# Feeding Eaastern Long Neck Turtle



## Dragon--Lover (Apr 13, 2010)

Hi Everyone,

I saved a baby ELN turtle's life last week from a construction site. It is the only one that survived the big machines. 

The little guy is only 6cm. Not the first turtle I have, but the first baby turtle. I have in 1" water depth, temperature between 26 and 28 degrees, seperate from the other turtle. (they see him as food)

He seems pretty healthy, he is swiming around and his shell is pretty good. Tried feeding him dried pellets, frozen turtle food and blood worms but isnt eating anything. Is there anything else I can do? I have only had him for 4 days.


----------



## Kristy_07 (Apr 13, 2010)

If he's been living in the wild, might be a good idea to try and simulate "wilder" sources of food, like he would have been eating before? Maybe fish or crickets would appeal to him more than pellets? 

It could be that he's just stressed and needs some time to settle, but at the end of the day, if he's not eating, the best thing you could do, imo, is to find somewhere nearby to where you found him, and let him go. He's wild, after all; it's where he belongs.

I rescued some baby blueys from certain death, once. They stayed wild - they never tamed, and they hated being in captivity. So we just fattened them up and made sure they were hunting properly over winter, and released them with full bellies once it warmed up again. It was really satisfying experience.


----------



## Schlumpe (Apr 13, 2010)

Hi Dragon Lover, I would recommend stop feeding the frozen dinners and pellets and bloodworms. These are not a good source of food for turtles.

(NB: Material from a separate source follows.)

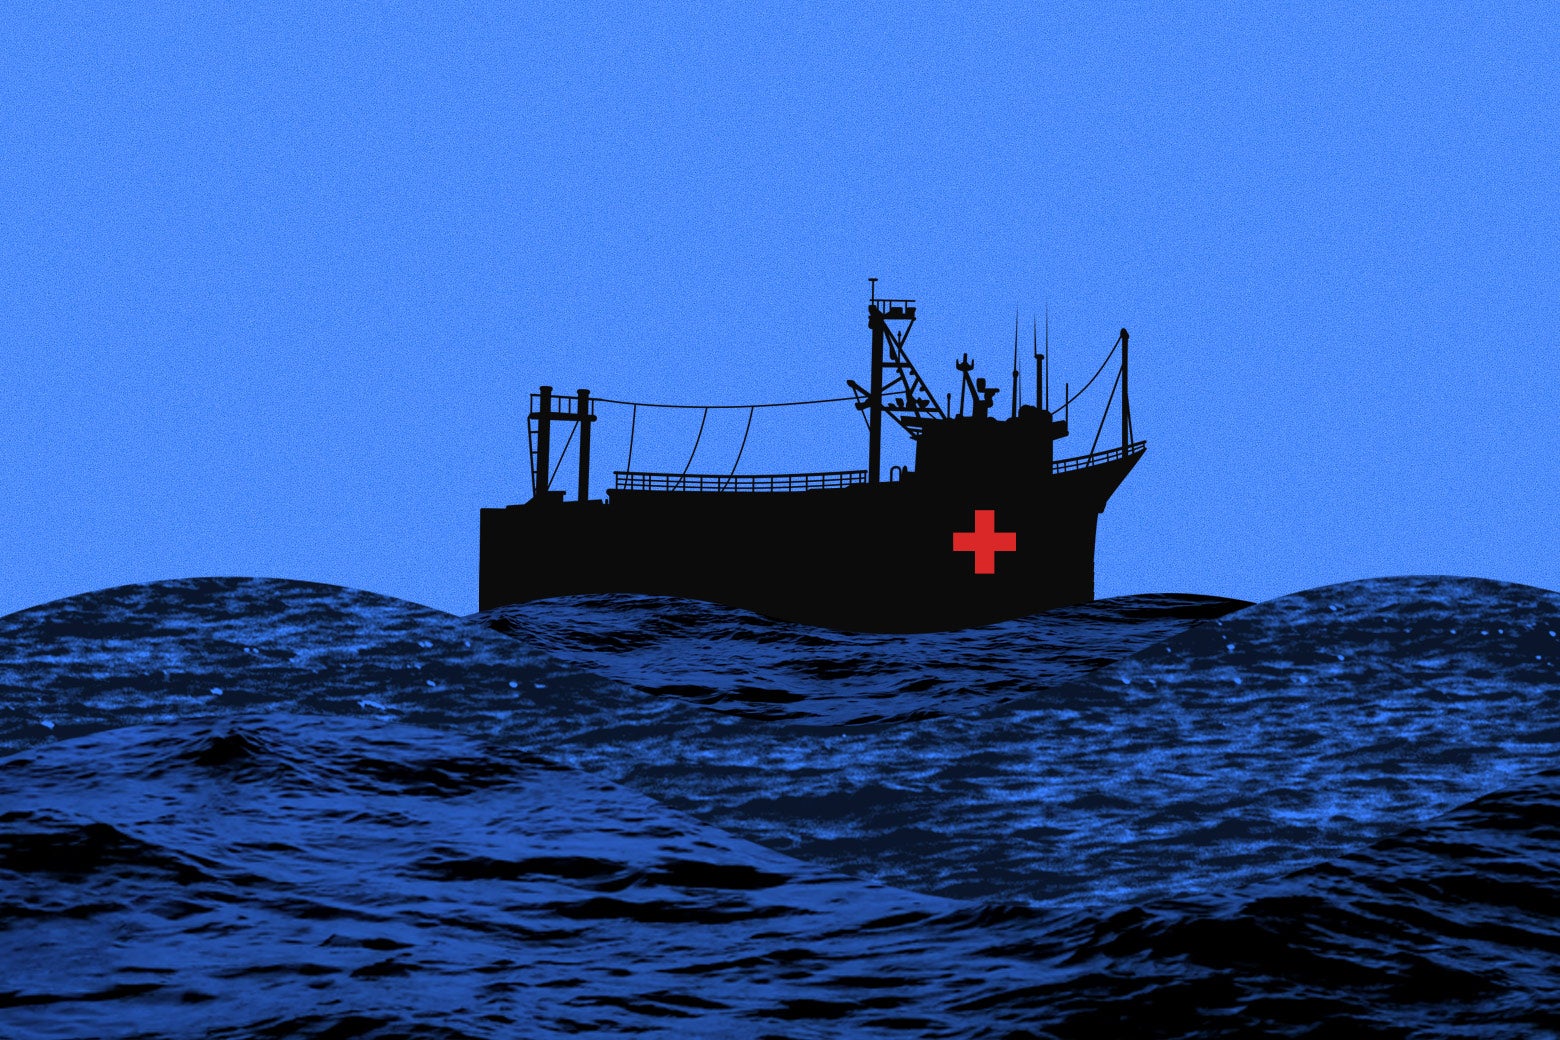 A silhouette of a boat with a red cross on it floats on blue water.

See the attached link for a care sheet.

Australian Freshwater Turtles


----------



## Funkstaa (Apr 13, 2010)

I have to agree with Kristy, you need to offer them more of a 'wild diet' maybe grab some feeder fish or something but at the same time you need to release them as they aren't accostomed to captivity and it would be cruel to keep them.In the meantime though make sure you have a uv light on them a decent filter ( some calgrit wouldn't hurt if you can get ahold of it ) and check out australianfreshwaterturtles.com.au


----------



## JAS101 (Apr 13, 2010)

Dragon--Lover said:


> Hi Everyone,
> 
> I saved a baby ELN turtle's life last week from a construction site. It is the only one that survived the big machines.
> 
> ...


ok first off , what state are u in?
u need to release the turtle back to the wild as its illegal to take wildlife .if releasing isnt an option the id seek a registered wildlife carer and hand it over to them .


----------



## Vincey (Apr 13, 2010)

moar sirenz plz.. 

Good job for rescuing it from a *construction site *whether it's illegal or not(which it is) i personally think you did the correct thing if its life was more endangered being there than in the* TEMPORARY* care of yourself. 

I will say that i agree with zoojas, hand it over or release it.


----------



## JAS101 (Apr 13, 2010)

VinceFASSW said:


> moar sirenz plz..
> 
> Good job for rescuing it from a *construction site *whether it's illegal or not(which it is) i personally think you did the correct thing if its life was more endangered being there than in the* TEMPORARY* care of yourself.
> 
> I will say that i agree with zoojas, hand it over or release it.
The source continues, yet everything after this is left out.